(Exercise aim):
Where the listing shows an image, skip it and output all other material unchanged.

[[ Given material, beginning ]]

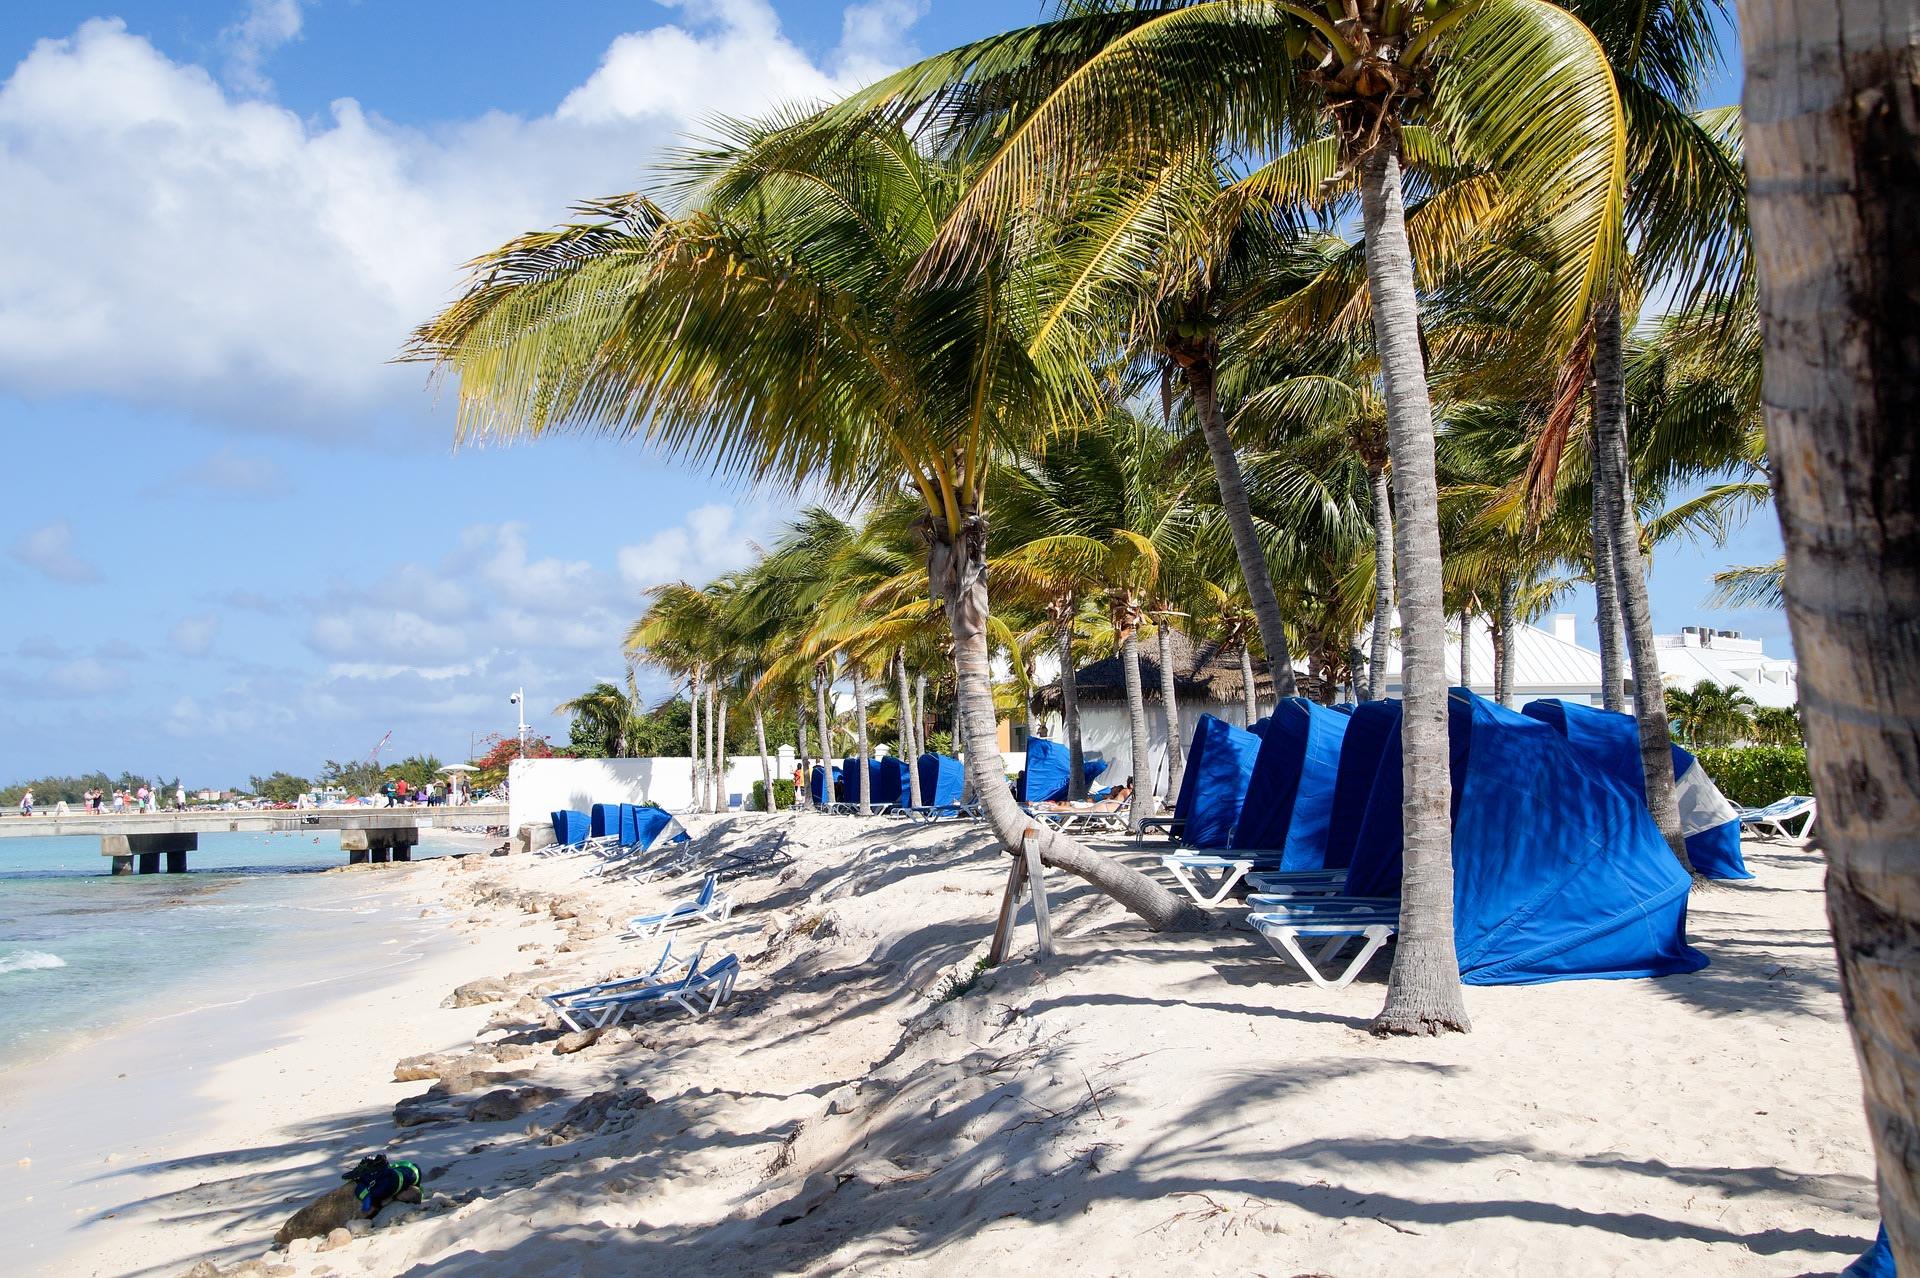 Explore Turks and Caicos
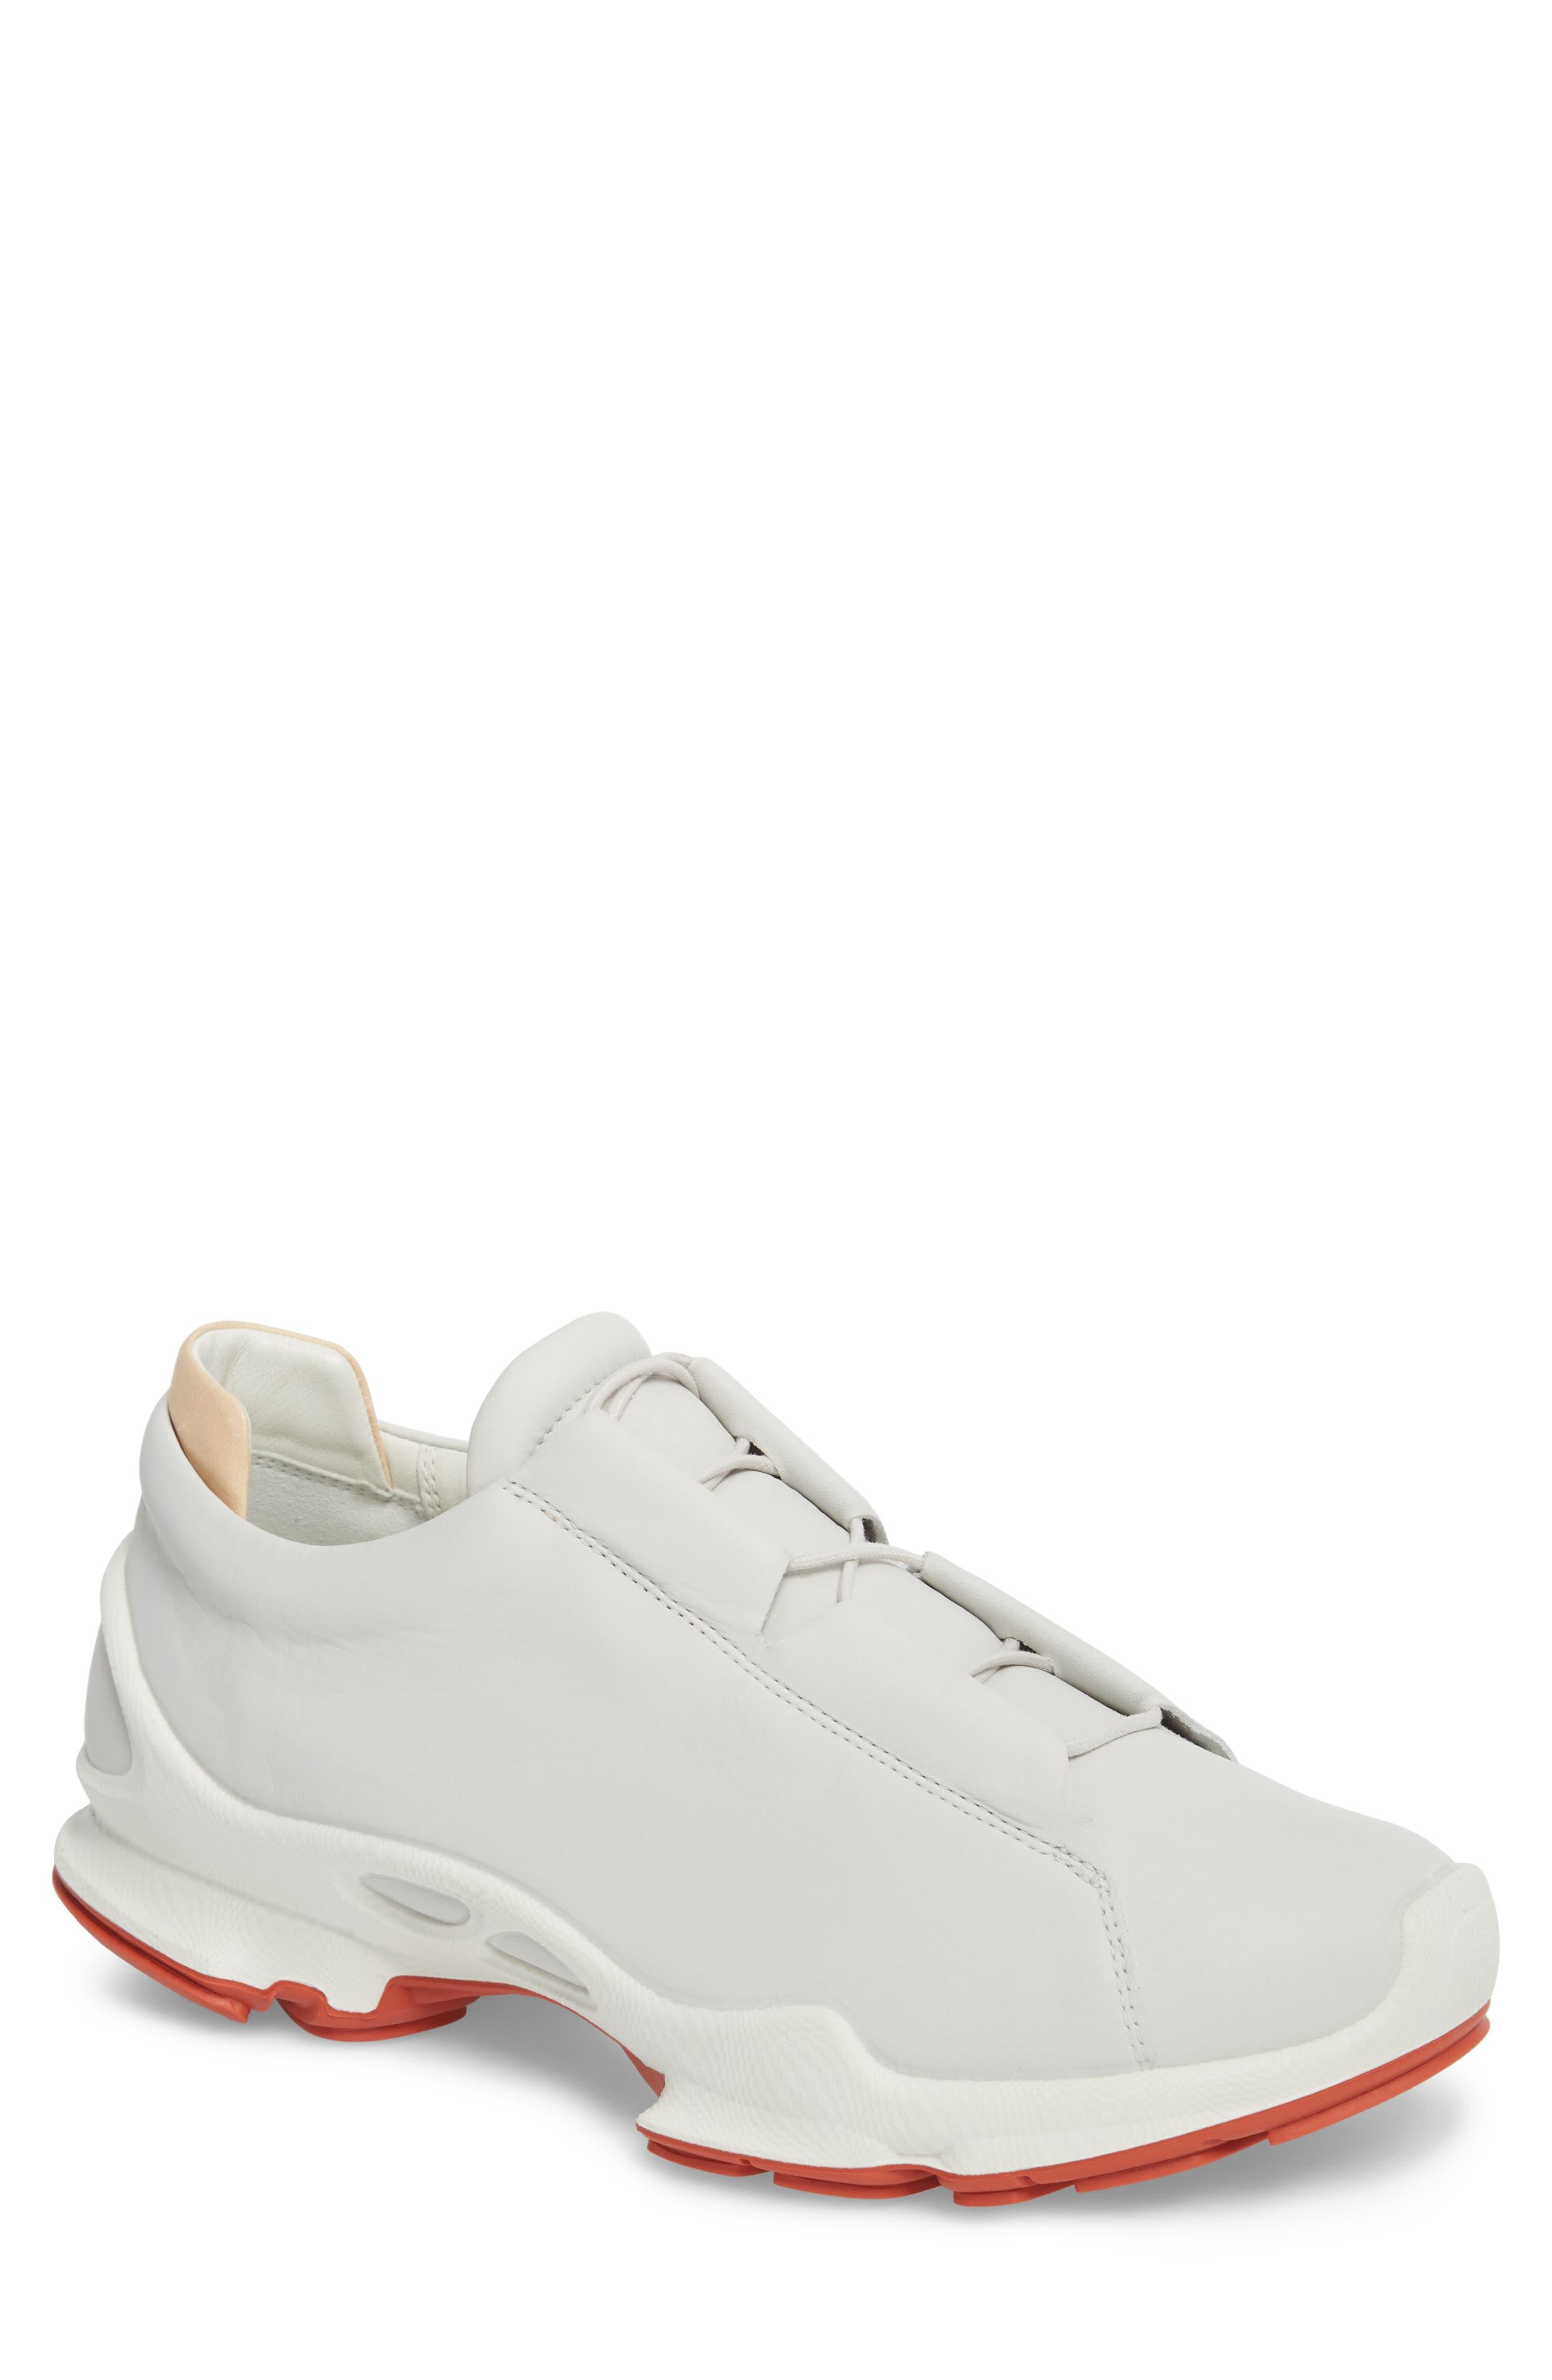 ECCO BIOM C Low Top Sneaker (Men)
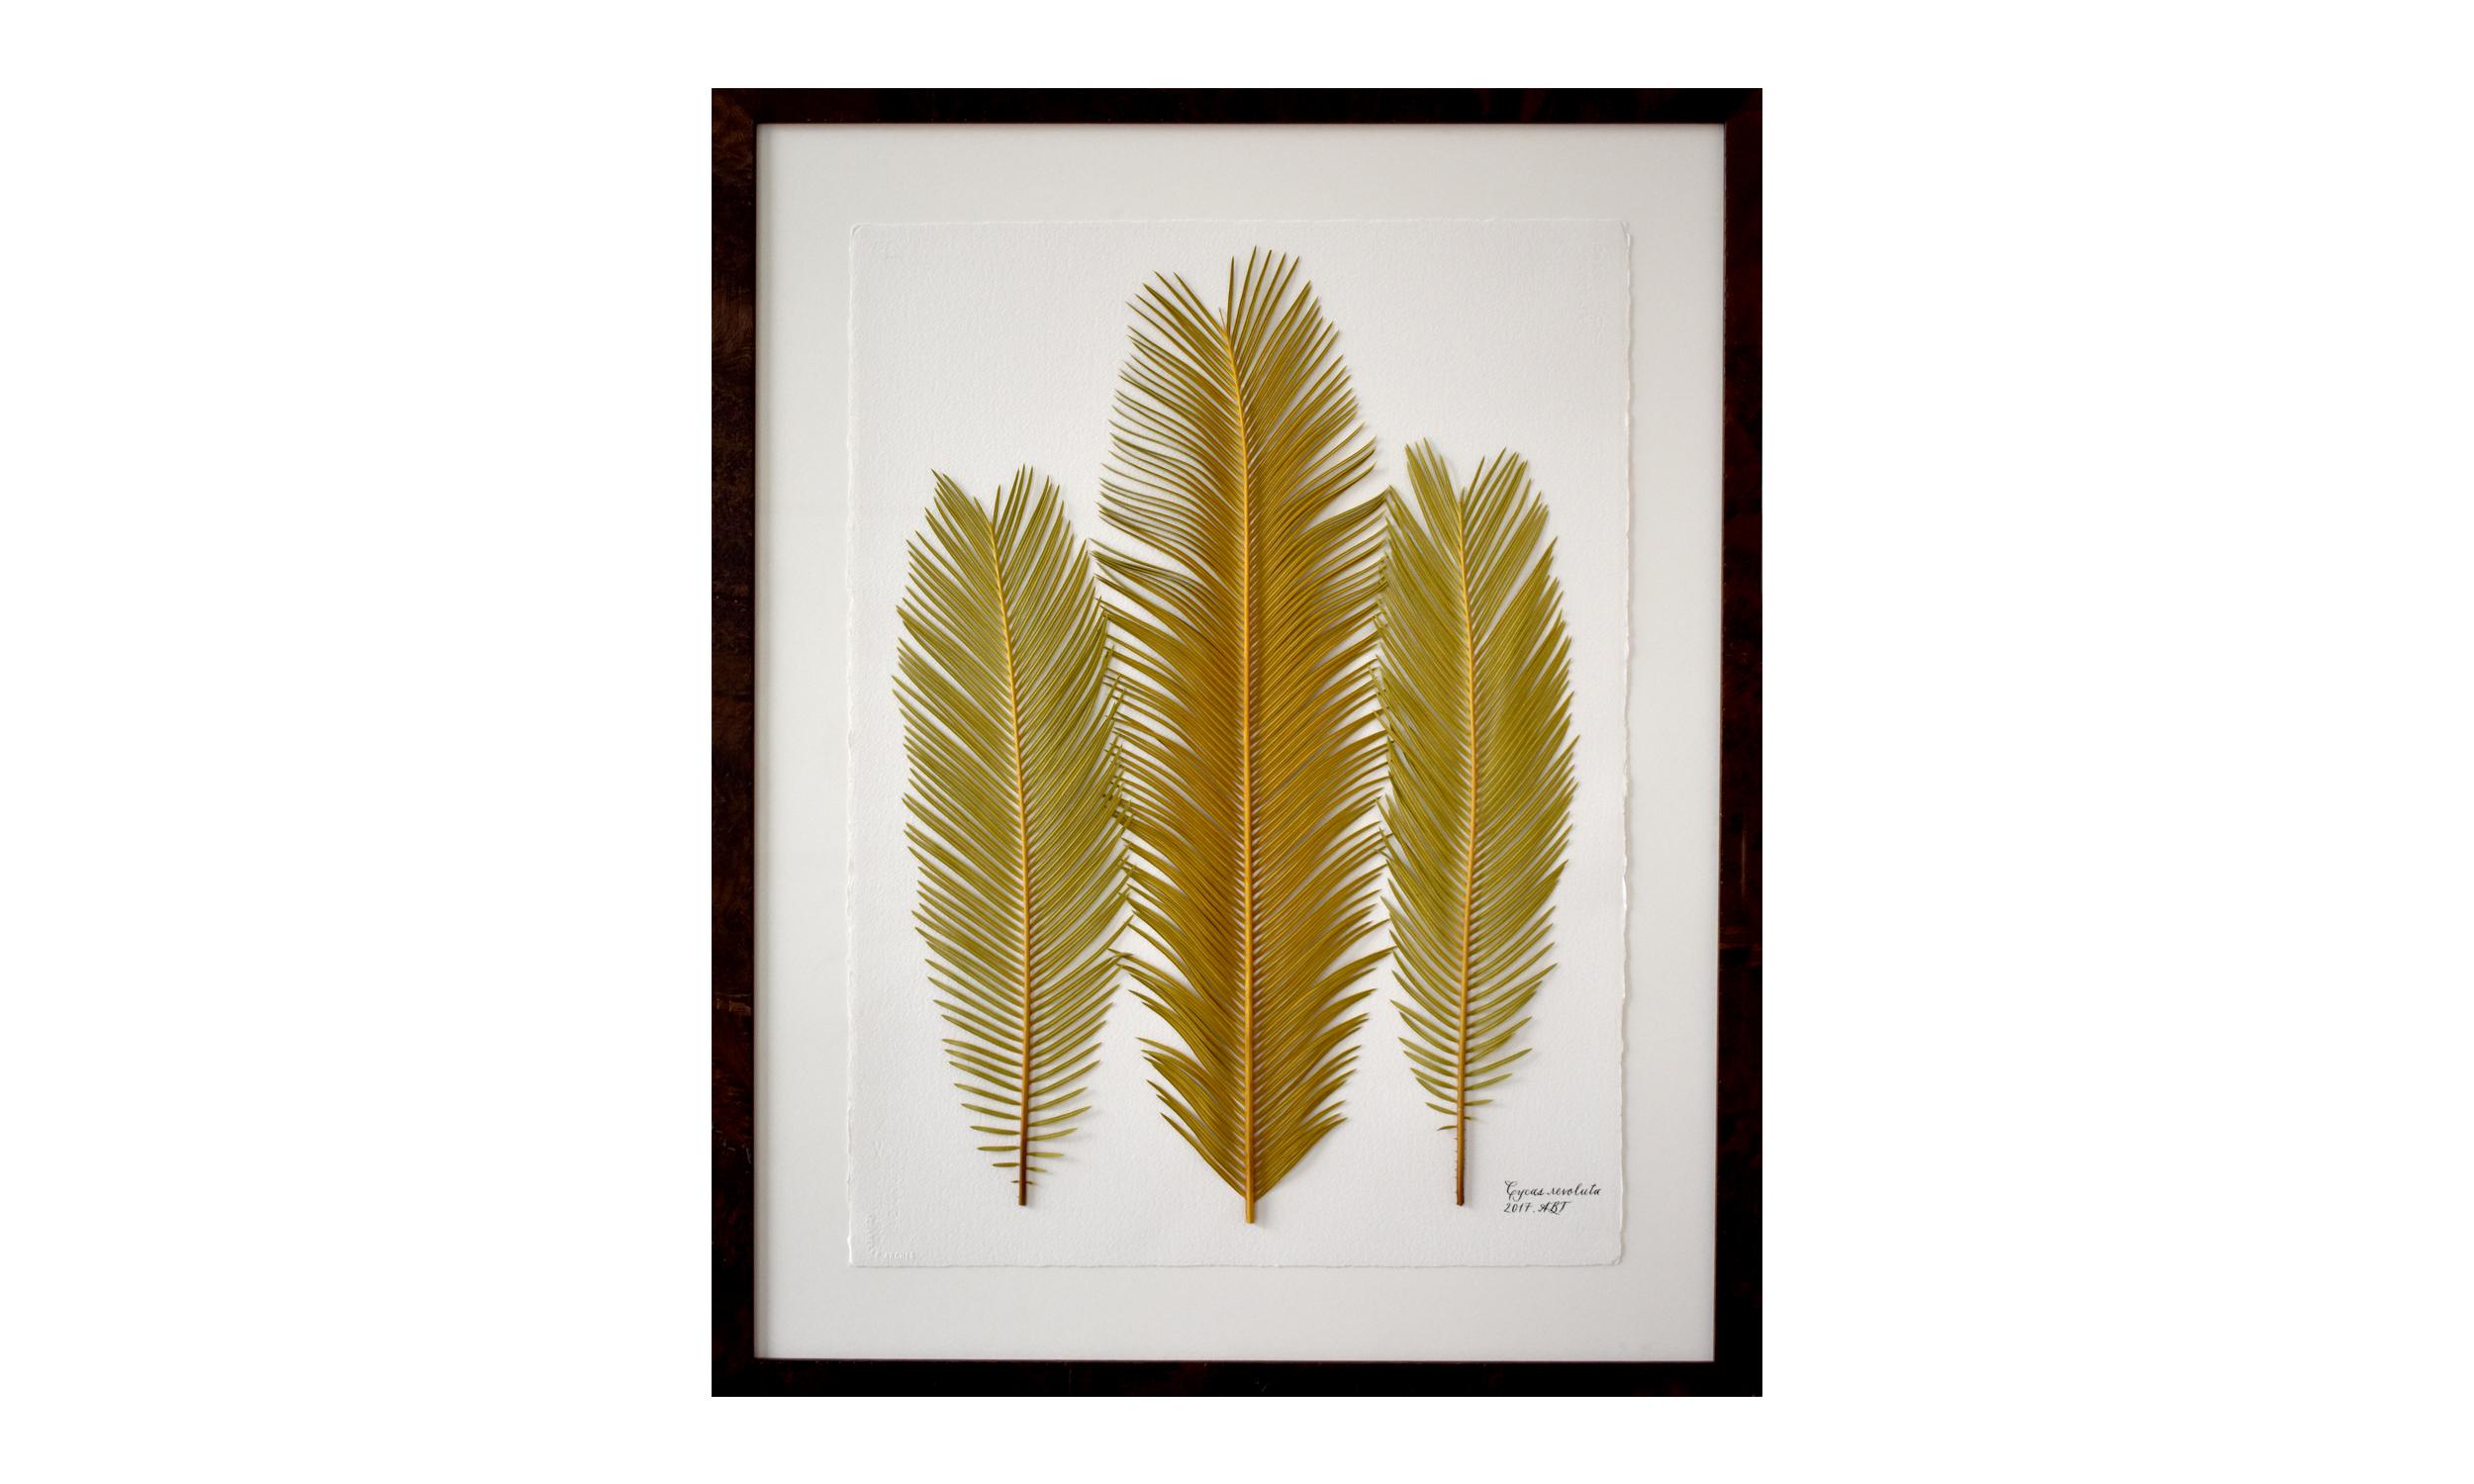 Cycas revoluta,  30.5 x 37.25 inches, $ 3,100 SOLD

[[ Given material, end ]]

(Written solution):
 Explore Turks and Caicos
 ECCO BIOM C Low Top Sneaker (Men)
 Cycas revoluta,  30.5 x 37.25 inches, $ 3,100 SOLD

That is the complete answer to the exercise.